Welcome!
I am PhD candidate (ABD) in political science at UIUC, my research interests are in the use of computational and statistical methods to study important substantive questions related to mass political behavior and political economy in the American and comparative contexts. I have done research projects on dynamic modelling of mass partisan polarization and segregation, machine learning model evaluation for binary classification tasks, the contextual and temporal variation of individuals’ attitudes towards globalization, A Lasso-augmented time series alternative to the synthetic control method, bootstrap standard errors for matching estimators, meta-analysis as a multiple hypothesis testing problem, etc. I am on the academic job markert.
Publication
Area under the ROC Curve has the Most Consistent Evaluation for Binary Classification PLOS ONE
Abstract: The proper use of model evaluation metrics is important for model evaluation and model selection in binary classification tasks. This study investigates how consistent different metrics are at evaluating models across data of different prevalence while the relationships between different variables and the sample size are kept constant. Analyzing 156 data scenarios, 18 model evaluation metrics and five commonly used machine learning models as well as a naive random guess model, I find that evaluation metrics that are less influenced by prevalence offer more consistent evaluation of individual models and more consistent ranking of a set of models. In particular, Area Under the ROC Curve (AUC) which takes all decision thresholds into account when evaluating models has the smallest variance in evaluating individual models and smallest variance in ranking of a set of models. A close threshold analysis using all possible thresholds for all metrics further supports the hypothesis that considering all decision thresholds helps reduce the variance in model evaluation with respect to prevalence change in data. The results have significant implications for model evaluation and model selection in binary classification tasks. (Link)

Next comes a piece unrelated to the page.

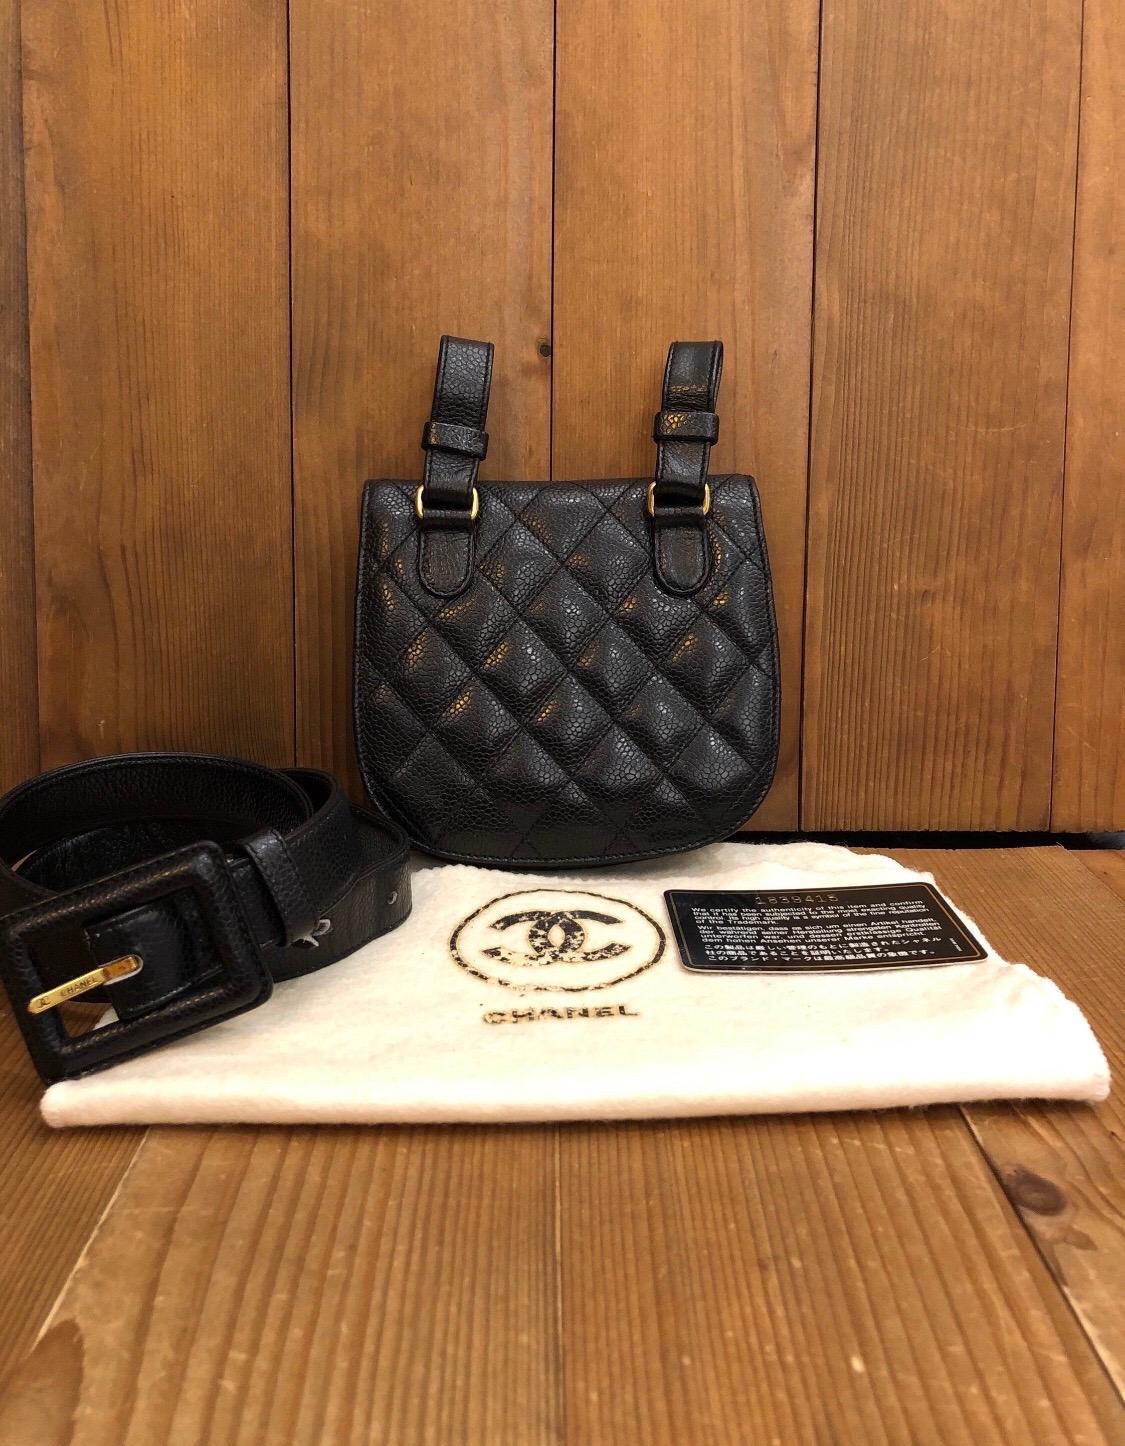 This Chanel belt bag in black caviar leather from year 1991 is in great vintage condition. Belt size 80/32 which fits up to 32 inch waist. Made in France with Holo 1xxxxxx. Comes with dust bag and authenticity card.

Measurements:

Selected Working Paper Abstracts
Paper 1: A dynamic model of polarization under segregation (Preparing for submission)
Abstract: Mass partisan polarization has increasingly become a phenomenon of great concern in the US and other industrialized democracies in recent decades, affecting millions of people. Existing research that looks at mass partisan polarization and geography in conjunction focuses exclusively on the extent of partisan geographical sorting but neglects the substantial effect geographical context can have on the formation of mass partisan polarization. More specifically, constructive intergroup contact in less segregated geographically contexts can significantly mitigate the mass partisan ideological polarization process. We provide evidence for this hypothesis through a computational model and empirical analysis of county-level presidential election results from 1980 to 2020. Both computational modeling and empirical analysis results provide strong support for the argument that geographical context significantly conditions the mass partisan polarization process and higher geographical segregation corresponds to faster convergence to partisan polarization. These results provide new insights on relationships between geography and mass partisan ideological polarization. (Polmeth Poster).
Paper 2: Are we bootstrapping the right thing? A new approach to quantify uncertainty of ATT Estimates (Under Review)
Abstract: This paper proposes a new non-parametric bootstrap method to quantify the uncertainty of average treatment effect estimate for the treated from matching estimators. More specifically, it seeks to quantify the uncertainty associated with the average treatment effect estimate for the treated by bootstrapping the treatment group only and finding the counterpart control group by pair matching on estimated propensity score without replacement. We demonstrate the validity of this approach and compare it with existing bootstrap approaches through Monte Carlo simulation and analysis of a real world data set. The results indicate that the proposed approach constructs confidence intervals and standard errors that have 95 percent or above coverage rate and better precision compared with existing bootstrap approaches, while these measures also depend on percent treated in the sample data and the sample size. (arxiv Preprint).